Jalen loves B-grade sci-fi movies, and does not share this trait with any of their friends. They’re sitting in their favorite coffee shop trying to side if they should go alone to the theatre to catch a double feature of really bad films when in walks the handsome (and he knows it) P. They catch each other’s eye, and the story follows a series of experiences they share over the next three months.
It’s a shortish piece, falling somewhere in length between a short story and a novella, and written in first person present tense. It was an unusual choice, but it worked for me because the story itself is very immediate and in the moment; it’s essentially a series of vignettes that trace the start of a relationship through the point of view of one of the participants.
Both characters are different in the ways they’re similar. They both like monster movies, but Jalen likes the sincerity of them, and P enjoys being horrified by them. They both aren’t their assigned gender; Jalen is nonbinary and P is binary trans. They both like coffee, but Jalen likes lattes and P likes macchiatos (and both think the other’s drink is gross). They’re both amputees—Jalen lost several fingers as a child, and P has a prosthetic leg… and they share many other similar differences as well. This may sound like a list of traits, but the story uses it as a motif to spin development between the two characters, the places where they relate and where they don’t, the things they want to learn about each other, the places where similarities immediately spike both understanding and anxiety. All these traits are ways for the two to play off each other, find the rough spots and the smooth ones, without the storytelling of it ever being made overt or hamfisted. There’s very much a theme about understanding identity by building a picture out of small things— without giving the details away, I feel like scene with the strawberry ice cream ties it all together perfectly.
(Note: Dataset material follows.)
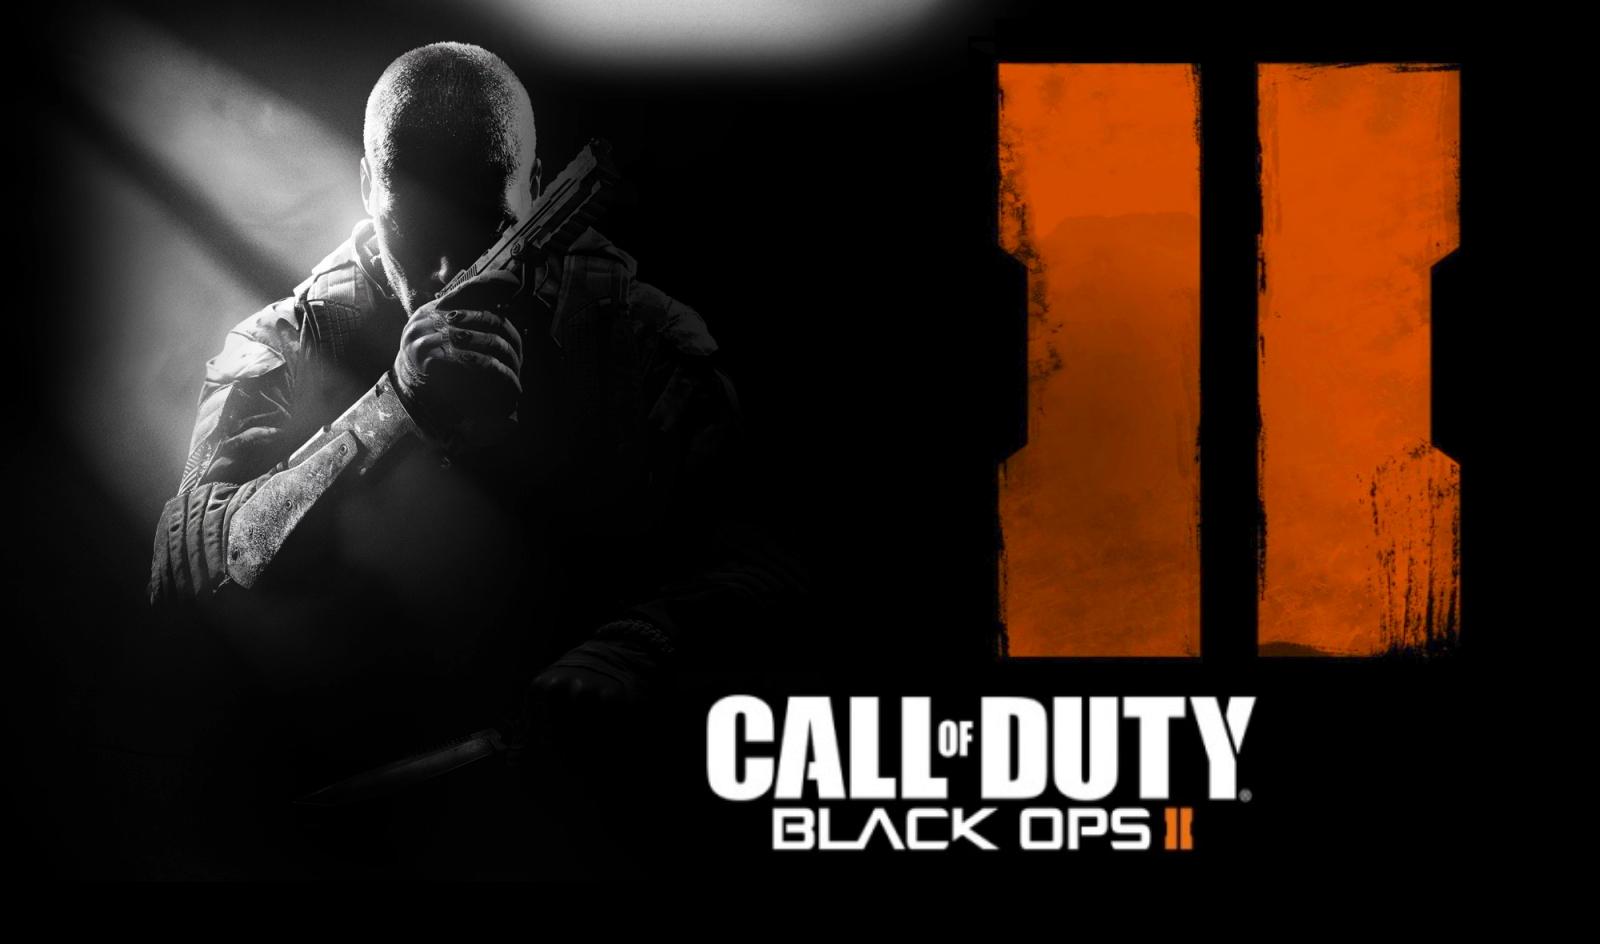 Black Ops 2 Animated Wallpaper. Triceratops Wallpaper, Black Ops 2 Wallpaper and Laptops Desktop Wallpaper Magenta

Likewise, the story is about public and private spaces. Location is very important in it, and a lot of the individual scenes play off the mood and setting built in different places. Jalen’s messy apartment they share with their sister, P’s tidy and empty “display home”, and how these places change when it’s just the two of them versus when family comes over. The movie theatre if you’re intending to watch a movie, and the movie theatre if you’re intending not to be watching. A coffee shop you go to alone and one you go to with someone. Again, since this is both about the characters’ understanding of their own identity (“Do you ever wonder if you’re wrong?” “I’m never wrong.” “I wonder all the time.”) and about how identity is understood outside oneself, the constant redefining of spaces in the story is a beautifully played motif.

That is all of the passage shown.